The next challenge was to make the process of “kirling”—the matching of souls from a former life to a current one—so advantageous that everyone would want to do it. If your soul can be born into any body, anywhere on Earth, we’d need worldwide buy-in for accuracy, a global kirling mandate.
First and foremost, kirling isn’t painful, you only feel slight discomfort from the buzzing electrical diodes. Next, only adults would be kirled. As we’ld learn over the first few decades of kirling, children can’t handle the weight of their past lives’ mistakes. Even adults grapple with such life-changing information, so the government begins offering counseling at SKI to prevent suicides. Sure, a small percentage of the population carries criminal records and may have to complete unfulfilled prison sentences, but the vast majority leave SKI with their inheritances, university scholarships, and/or job offers. The lucky few even learn they have soulmates—two souls with a 99% or greater match in their electrical patterns.

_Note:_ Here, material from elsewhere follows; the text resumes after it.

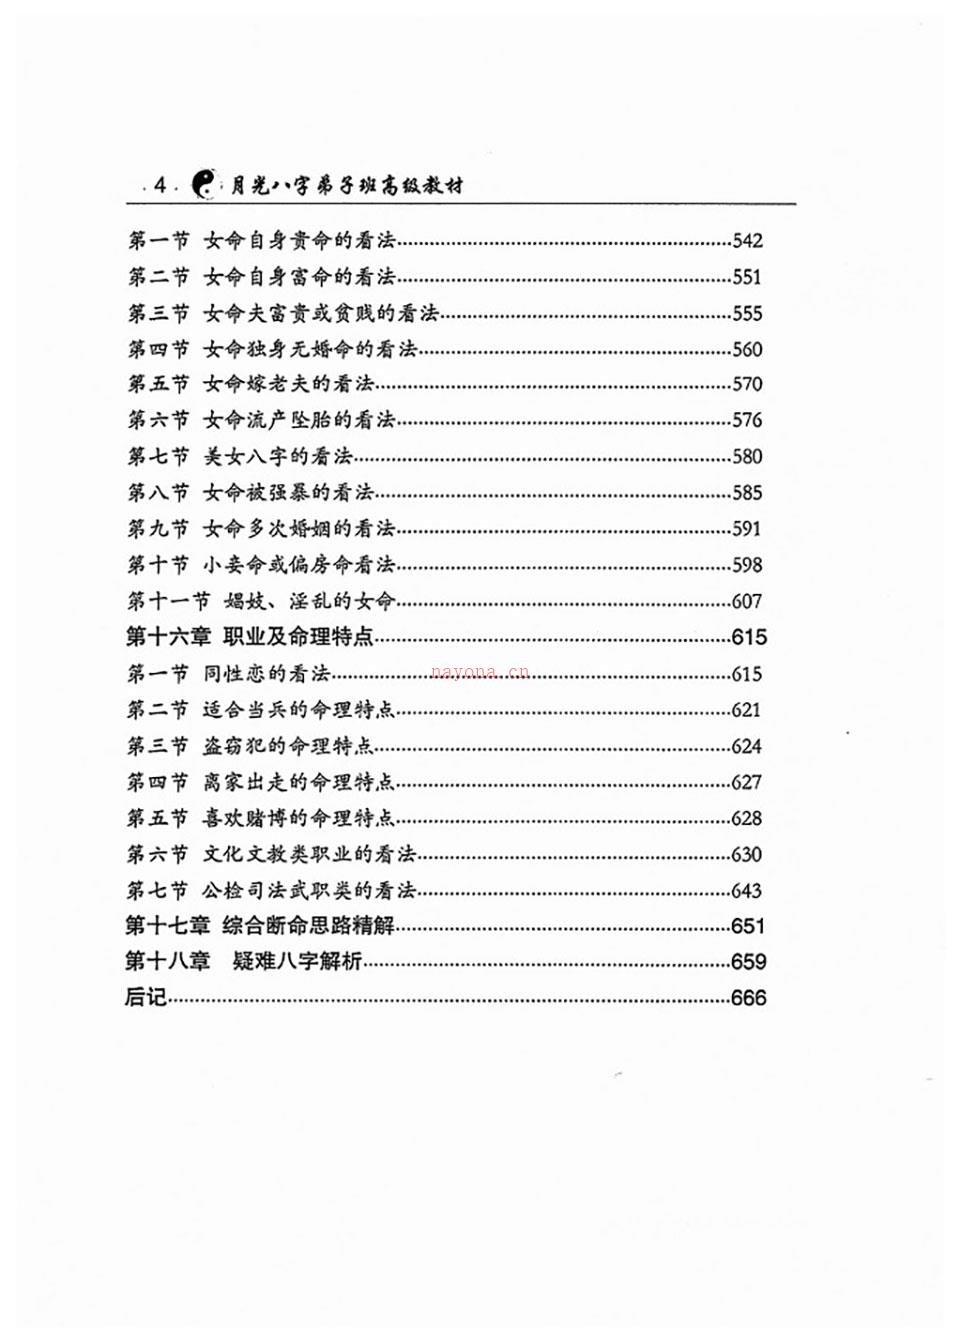 王君凌着《月光八字弟子班高级教材》上下册PDF 百度网盘资源

Combine this world-building with a “magic system” in which we interact with the same network of souls in each lifetime, and you have the structural frame around which Soulmatch was built. I fleshed out the story with characters who share our own hopes and dreams, but who face challenges we could only daydream about (which I did for ten years).
We don’t yet have scientific proof of reincarnation, but we’ve seen how science fiction can inspire real-world technological advances—iPhones and Apple watches are just two examples that come to mind. So if scientists can photograph souls, and if we develop the capacity to catalogue those images and match them from generation to generation, proof could be just around the corner. Are we ready?While dystopian, Soulmatch isn’t set in a post-apocalyptic world rife with destruction. It’s a peaceful, idyllic future with underlying currents of corruption, soon unearthed by its savvy heroine and her supportive cast of characters. Fans of fantasy, scifi, and romance will be equally delighted. Writing Soulmatch was the perfect escape from the dystopian world I was living in at the time. I hope reading it is your perfect escape now.